1.7575287471910963e-10
7.02167280627783e-10
8.421177058077722e-09
7.549683742133882e-07
5.180293883781498e-09
3.2218512837638487e-09
5.425286168003913e-10
5.012016770789702e-11
6.765819393375633e-08
4.685423905192713e-08
4.5551528211898307e-08
1.6915862733468524e-12
1.0319863044935401e-09
8.04074731025304e-08
6.461751881046865e-10
6.133606015970187e-10
1.7642966790309564e-13
5.692042377774931e-11
1.789688227452934e-11
7.770126041914509e-14
1.7877804084621364e-08
5.2172017581691255e-08
2.1131224924273813e-10
4.2630483362064594e-08
8.510738050865059e-10

These are all positive so the matrix is PD as it should be, but some of them are really close to 0. That may be leading to numerical issues downstream.

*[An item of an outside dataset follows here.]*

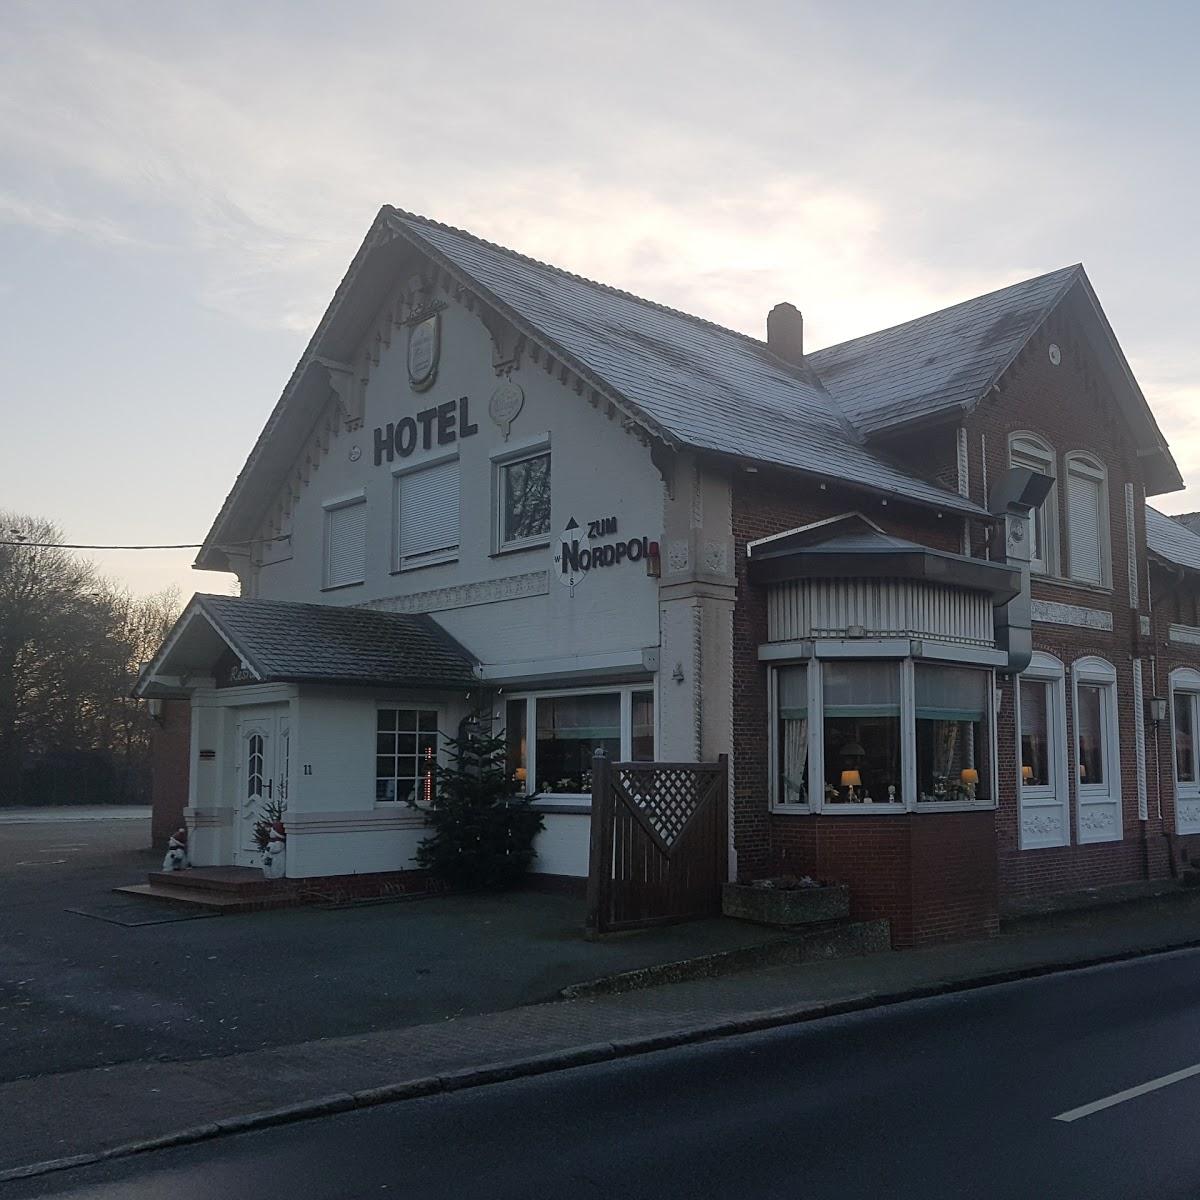 Restaurant "Hotel zum Nordpol" in  Schenefeld

But it sounds like things are working smoothly with changes to the noise levels. Having a bit of noise is really helpful for numerical stability so we actually set a minimum noise level of 1e-7 even if the function is noiseless; that happens here: https://github.com/facebook/Ax/blob/a89fe684b0003edb17f1469d4e97055669d87629/ax/models/torch/alebo.py#L752

It sounds from your description like you do have an actual estimate of the noise level, but that inflating it a bit resolved the error here. The cost to the model performance from adding a little extra noise is pretty low, and well worth the improvement in model stability. A few more comments on the noise level -

Is the noise level being estimated from n repeated trials? If so, then just to be clear, the noise level the model expects is the standard error of the mean, so stdev(y_1, ..., y_n) / sqrt(n) (in the example evaluation function above you computed just the standard deviation). For n small, this may for some points underestimate the true variance (by using the sample standard deviation instead of the true, population standard deviation) and so could be why inflating is necessary for model stability. What is n for this function?

pehzet commented 4 years ago

Thanks for your help! I changed the standard deviation to standard error. In our original eval function we have n=30.

I will close the issue if its fine for you. The optimization is now running stable. Thank you very much for explaining these things. It was very helpful :)

bletham commented 4 years ago

Awesome, glad to hear it's working now.